Así que la verdadera cuestión no es si hay anuncios o no. Es si podemos diseñar estructuras que eviten excluir a las personas de estas herramientas y potencialmente manipularlas como consumidores. Creo que sí podemos.
Una manera de abordarlo son las subvenciones cruzadas explícitas: utilizar las ganancias de un servicio o base de clientes para compensar las pérdidas de otro. Si una empresa le paga a la IA para que realice a escala un trabajo de alto valor que antes les correspondía a empleados humanos —por ejemplo, una plataforma inmobiliaria que utilice la IA para redactar listados o informes de valoración—, también debería pagar un cargo extra que subvencione el acceso gratuito o a bajo costo para todos los demás.
Este planteamiento se inspira en lo que ya hacemos con las infraestructuras esenciales. La Comisión Federal de Comunicaciones les exige a las empresas de telecomunicaciones que contribuyan a un fondo para mantener asequibles el teléfono y la banda ancha en las zonas rurales y para los hogares de bajos ingresos. Muchos estados añaden un cargo de beneficio público a las facturas de electricidad para proporcionar ayuda a los hogares de bajos ingresos.
Una segunda opción es aceptar la publicidad, pero acompañarla de una gobernanza real: no una publicación de blog con sus principios, sino una estructura vinculante con supervisión independiente sobre cómo se utilizan los datos personales. Existen precedentes parciales de esto. La ley alemana de cogestión les exige a las grandes empresas como Siemens y Volkswagen que les den a los trabajadores hasta la mitad de los puestos en los consejos de supervisión, lo que demuestra que la representación formal de las partes interesadas puede ser obligatoria en las empresas privadas. Meta está obligada a seguir los dictámenes de moderación de contenidos emitidos por su consejo de supervisión, un órgano independiente de expertos externos (aunque su eficacia ha sido criticada).
Lo que la industria de la IA necesita es una combinación de estos enfoques: un consejo que incluya expertos independientes y representantes de las personas cuyos datos están en juego, con autoridad vinculante sobre qué datos conversacionales pueden utilizarse para publicidad dirigida, qué cuenta como cambio material de política y qué se les dice a los usuarios.

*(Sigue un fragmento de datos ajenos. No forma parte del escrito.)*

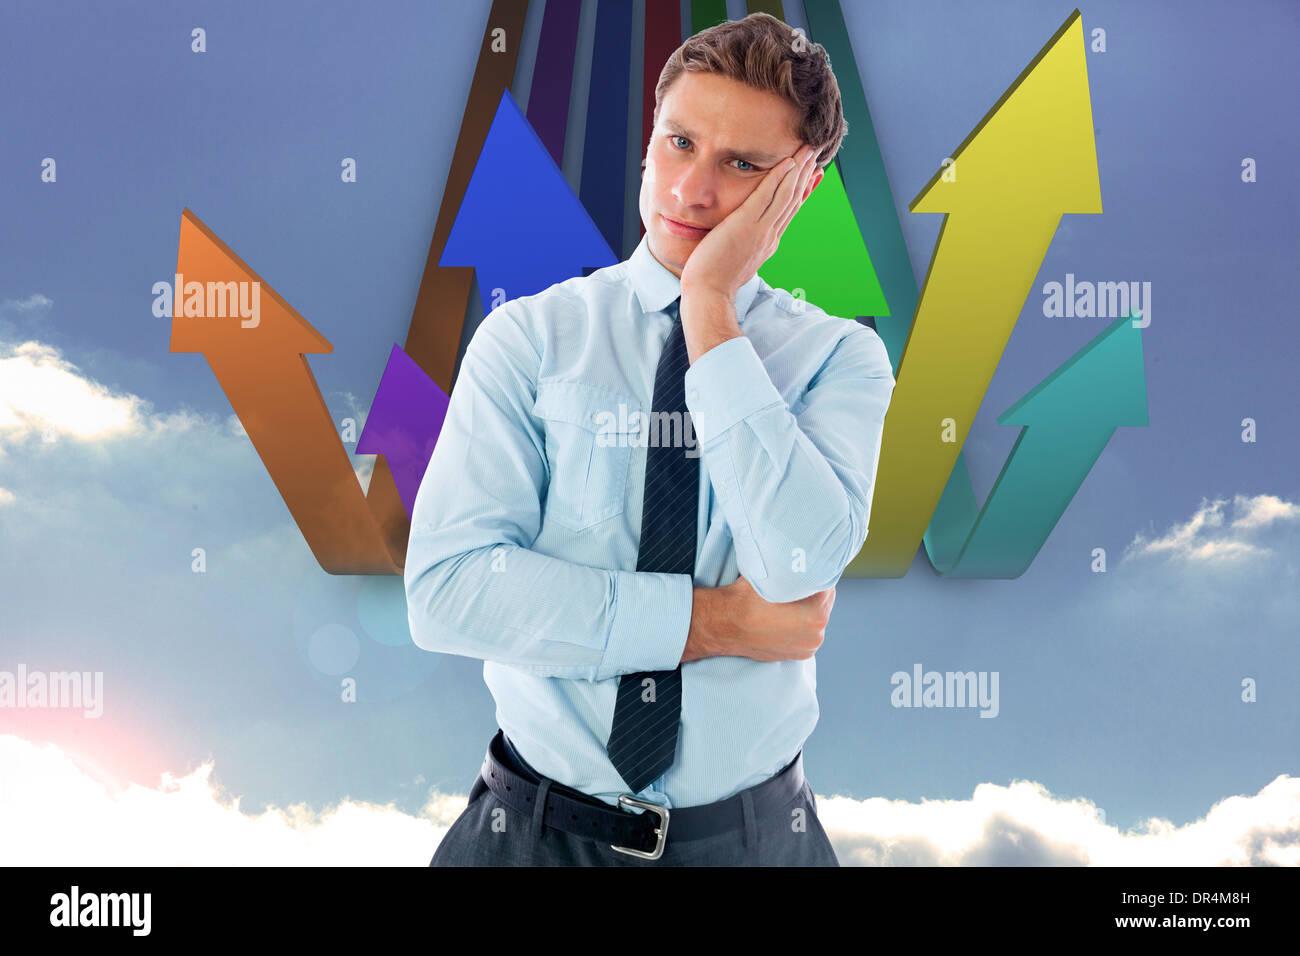 Composite image of upset thinking businessman - Stock Image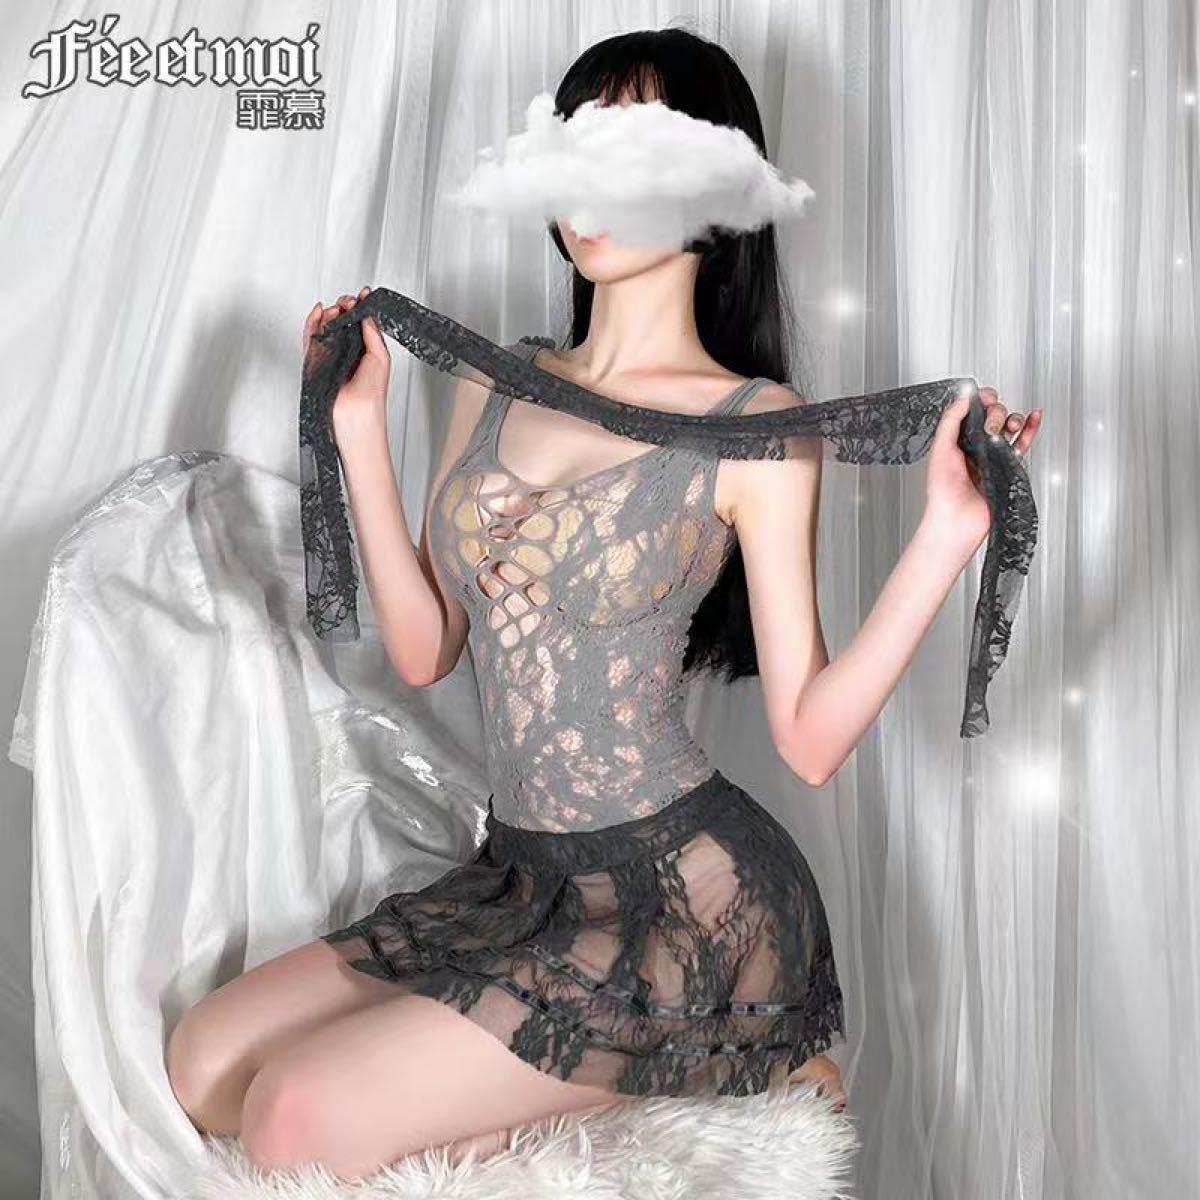 セクシーランジェリー コスプレ衣装 透け透け 花柄

Un tercer enfoque implica poner los datos de los usuarios bajo un control independiente a través de un fideicomiso o cooperativa con la obligación legal de actuar en interés de los usuarios. Por ejemplo, Midata, una cooperativa suiza, les permite a sus miembros almacenar sus datos de salud en una plataforma encriptada y decidir, caso por caso, si los comparten con los investigadores. Los miembros de Midata rigen sus políticas en una asamblea general, y un comité ético elegido por ellos revisa las solicitudes de acceso de los investigadores.
Ninguna de estas opciones es fácil. Pero aún estamos a tiempo de elaborarlas para evitar los dos resultados que más temo: una tecnología que manipule a quien la utiliza sin costo alguno y otra que beneficie exclusivamente a los pocos que pueden permitirse utilizarla. c. 2026 The New York Times Company.
Zoë Hitzig es exinvestigadora de OpenAI y becaria júnior de la Sociedad de Becarios de Harvard.